WHAT IS EXPECTED — Take the line containing "Vũ trụ luôn đa sắc màu" and all lines after it, through the end of the material, and repeat them exactly, pictures left out.

DATA —
·····
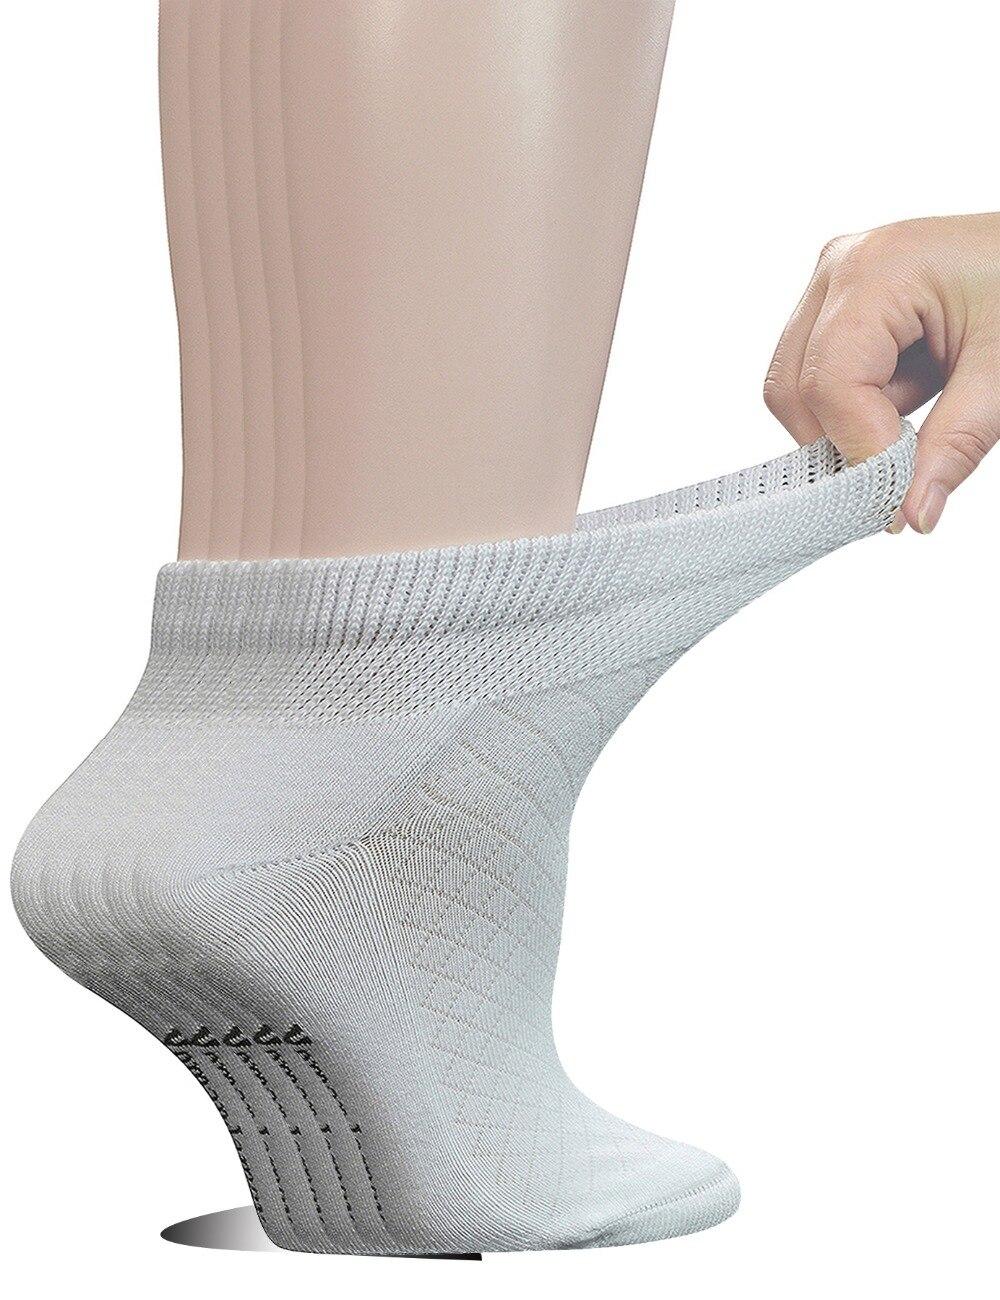 Женские хлопковые сетчатые носки до щиколотки, 5 пар дышащих сетчатых носков с бесшовным носком, размер L
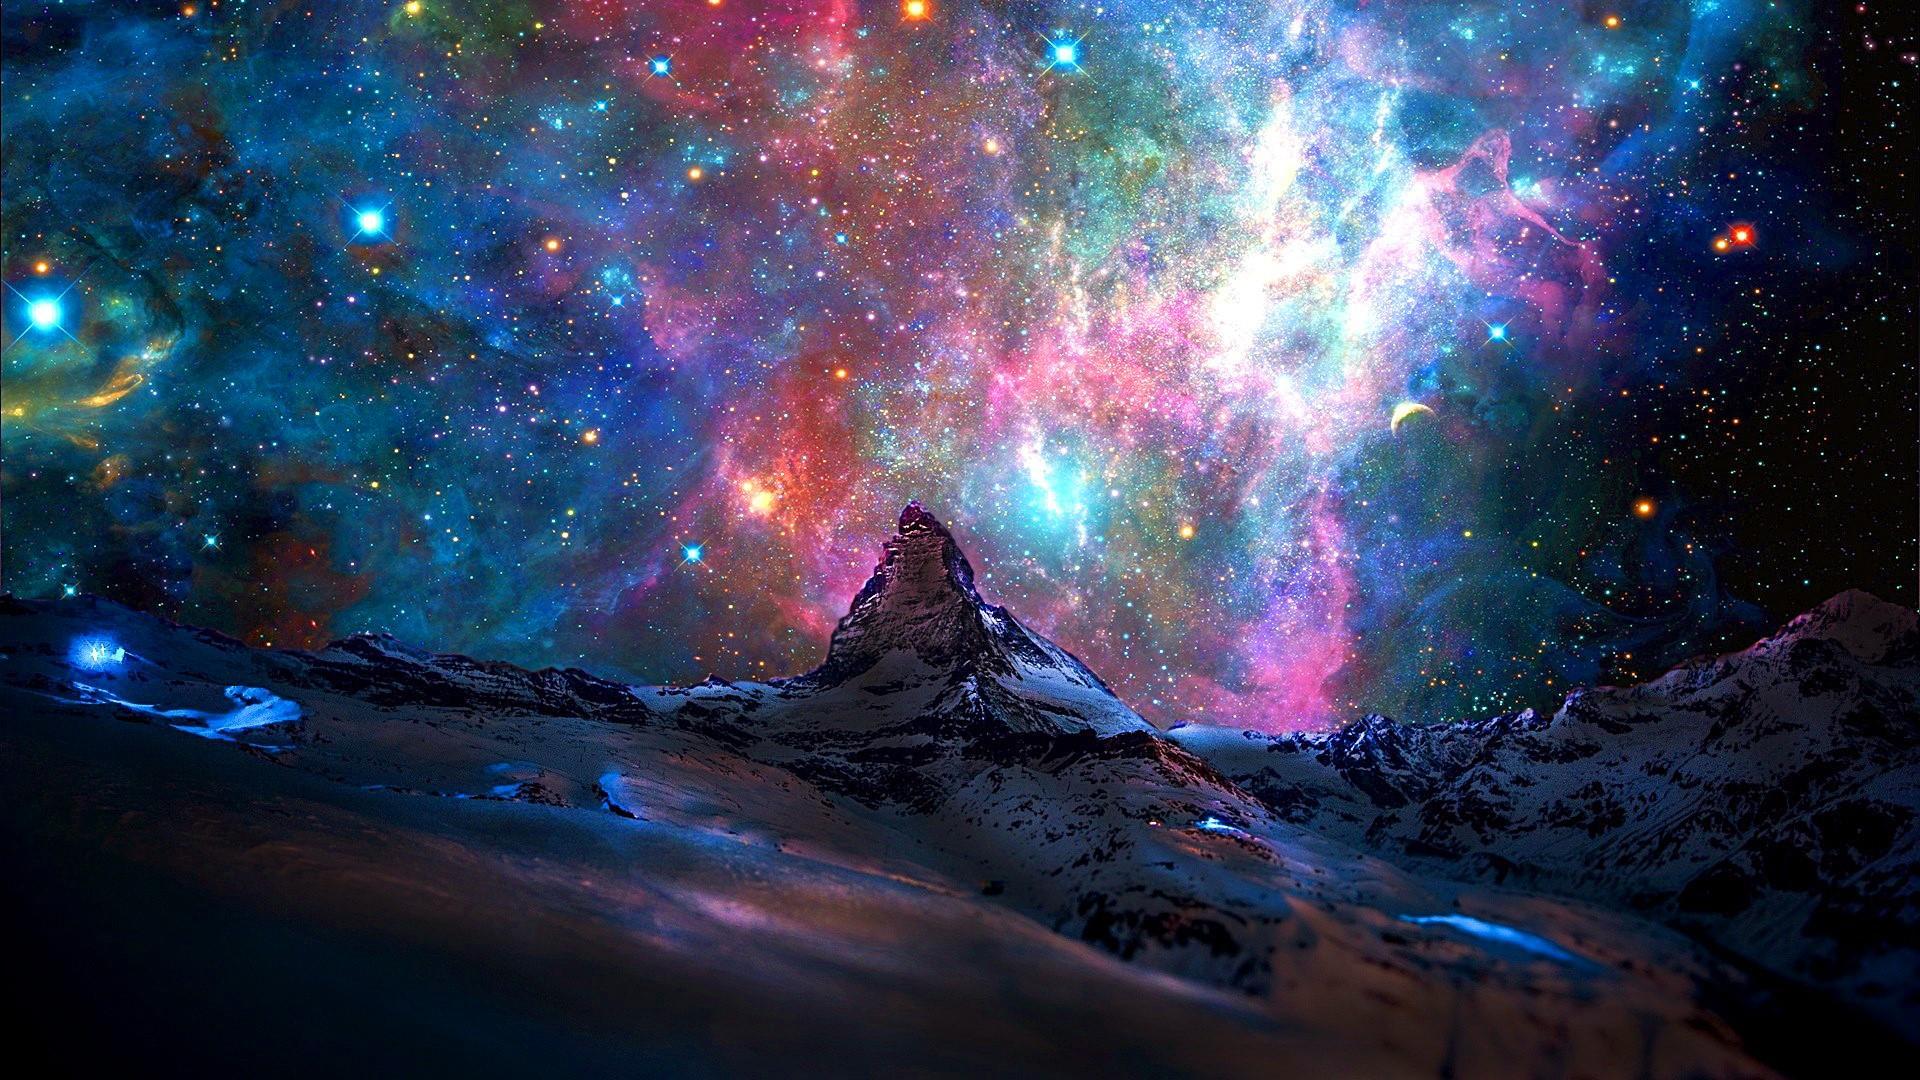 Vũ trụ luôn đa sắc màu
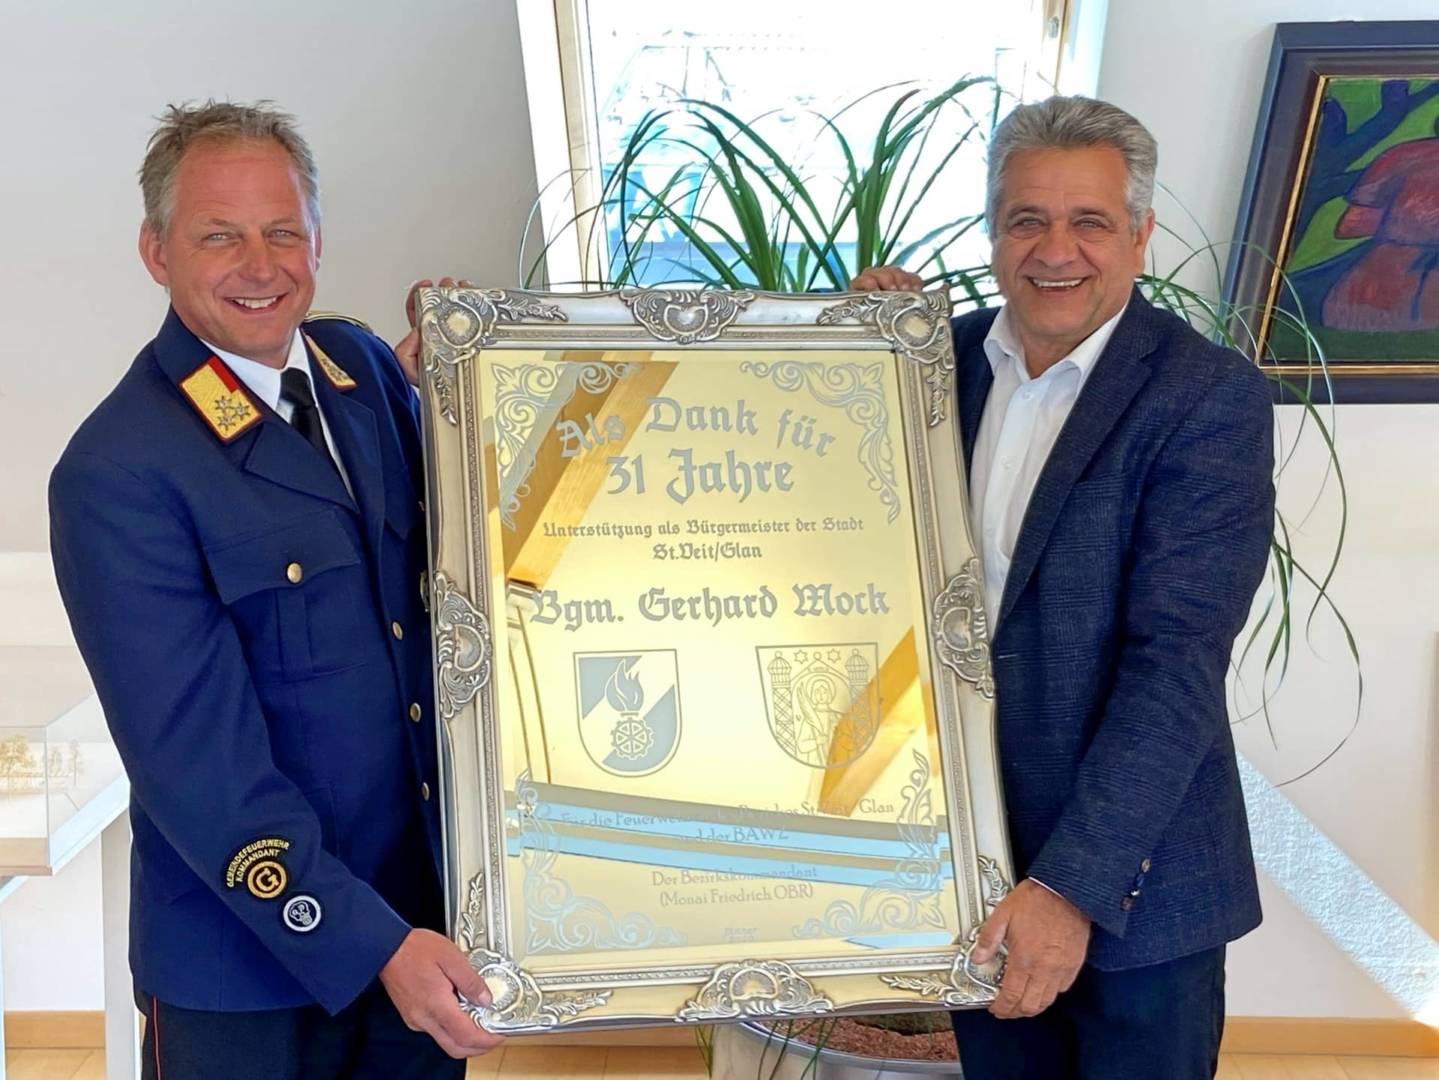 Dank des Feuerwehrbezirkes St. Veit an Bgm. a.D. Gerhard Mock
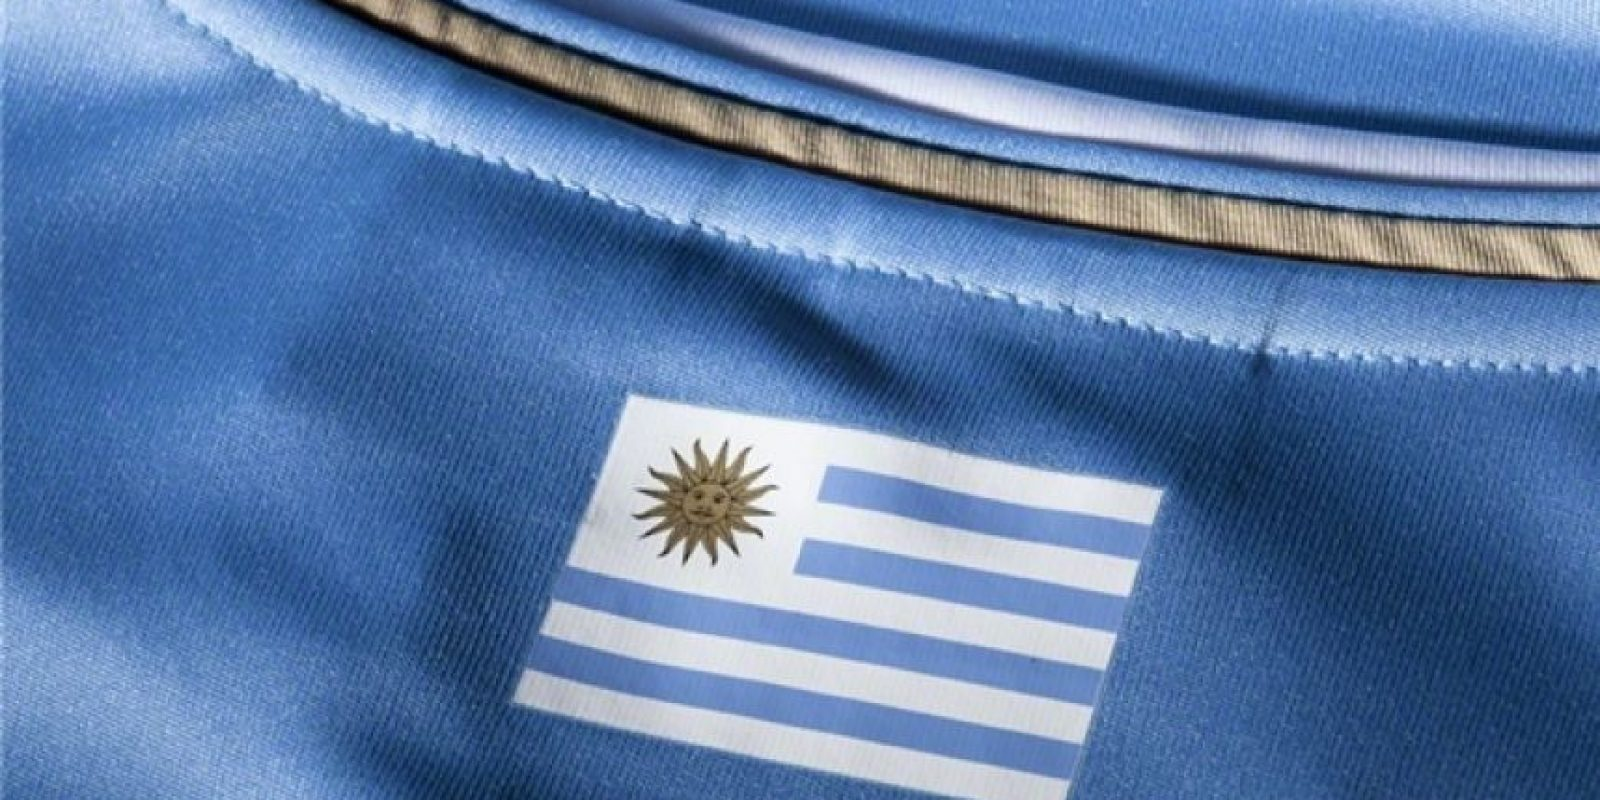 """""""La celeste"""" tampoco estrenará camiseta este año. Llevarán la misma que en Brasil 2014. Foto:Puma"""
·····
OUTPUT OF THE EXERCISE —
 Vũ trụ luôn đa sắc màu
 Dank des Feuerwehrbezirkes St. Veit an Bgm. a.D. Gerhard Mock
 """""""La celeste"""" tampoco estrenará camiseta este año. Llevarán la misma que en Brasil 2014. Foto:Puma"""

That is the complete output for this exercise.